I started back instinctively. It almost certainly saved my life. Malikcek exploded into my face with knife, teeth and whip-tail, all awhir with a rabid energy. The injury to his shoulder and the consequent loss of a blade in no way diminished the ferocity of his attacks. He didn’t seem to tire. He didn’t even seem to breathe insofar as I could tell. Everything that I had left to give went into matching him, blow for blow, and it still wasn’t nearly enough. Step by step, parry by bone-jarring parry, he forced me back.
‘You are the mad-fool, here. Not I.’
‘How so?’
‘You need-want to ask? Who is Malikcek? He is nothing. He is not master here.’
‘Ikrit? What of him?’
Malikcek cackled as he eroded my guard and slammed me against the wall. ‘There are two lords-castellant in the Seven Words. And the other is not Hamilcar Bear-Eater.’
I stared through Malikcek’s shadowy muzzle and into nothing. My own stupidity was suddenly so glaring it stole everything else’s light.
Broudiccan.
Ikrit was in the Seven Words, and I’d let him trick me. Again.

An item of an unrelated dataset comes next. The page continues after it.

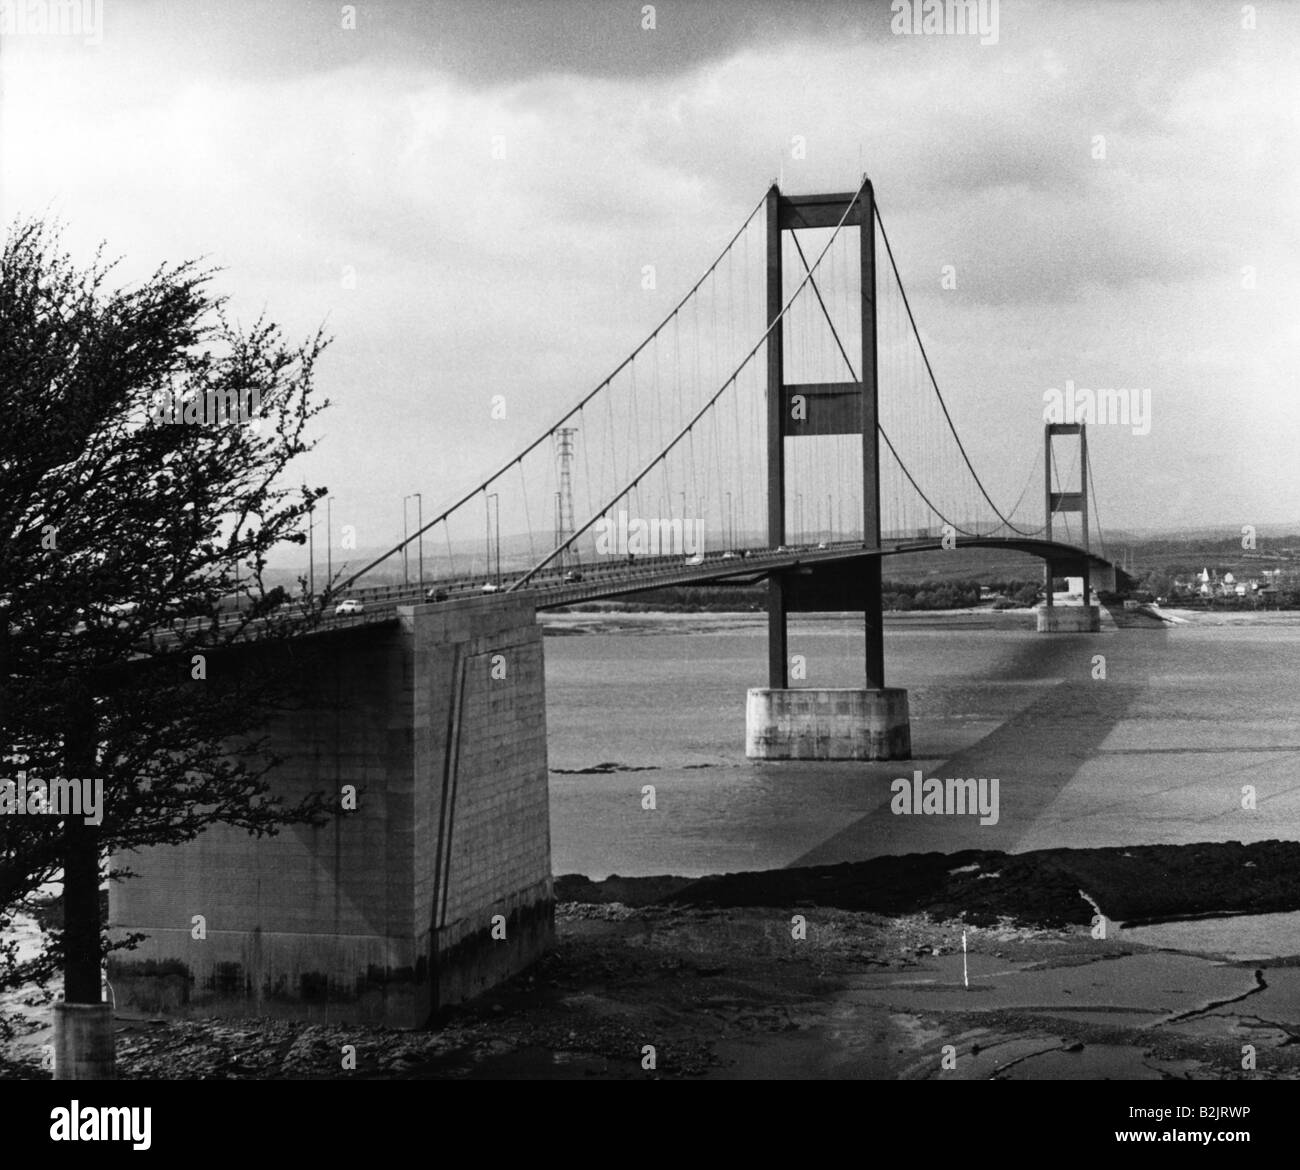 Geografia / viaggio, Gran Bretagna, paesaggio / paesaggi, ponti, il ponte Severn, sospensione ponte, data di apertura 8.9.1966, 1960s, Foto Stock

He was going after Broudiccan.
I didn’t even notice as Malikcek palmed aside my halberd and hammered an elbow into my breastplate. Fractures splintered through the sigmarite, a matching set of fissures spidering into the dressed stone behind me as my backplate and head smacked into it. The breath rushed out of me, and I wheezed down the wall to the floor.
I never even saw the deathblow coming.
Luckily, it wasn’t coming for me.
Dawn came from the direction of the Realmgate. The white-hot brilliance of Azyr’s billion suns scoured the gate chamber clean, shadows withering to bright light before the cosmic power of the Celestial. With tears running down my face and soaking my beard, I rolled over and scrambled blindly for shelter. My fingers touched the base of a column and I dragged myself behind it.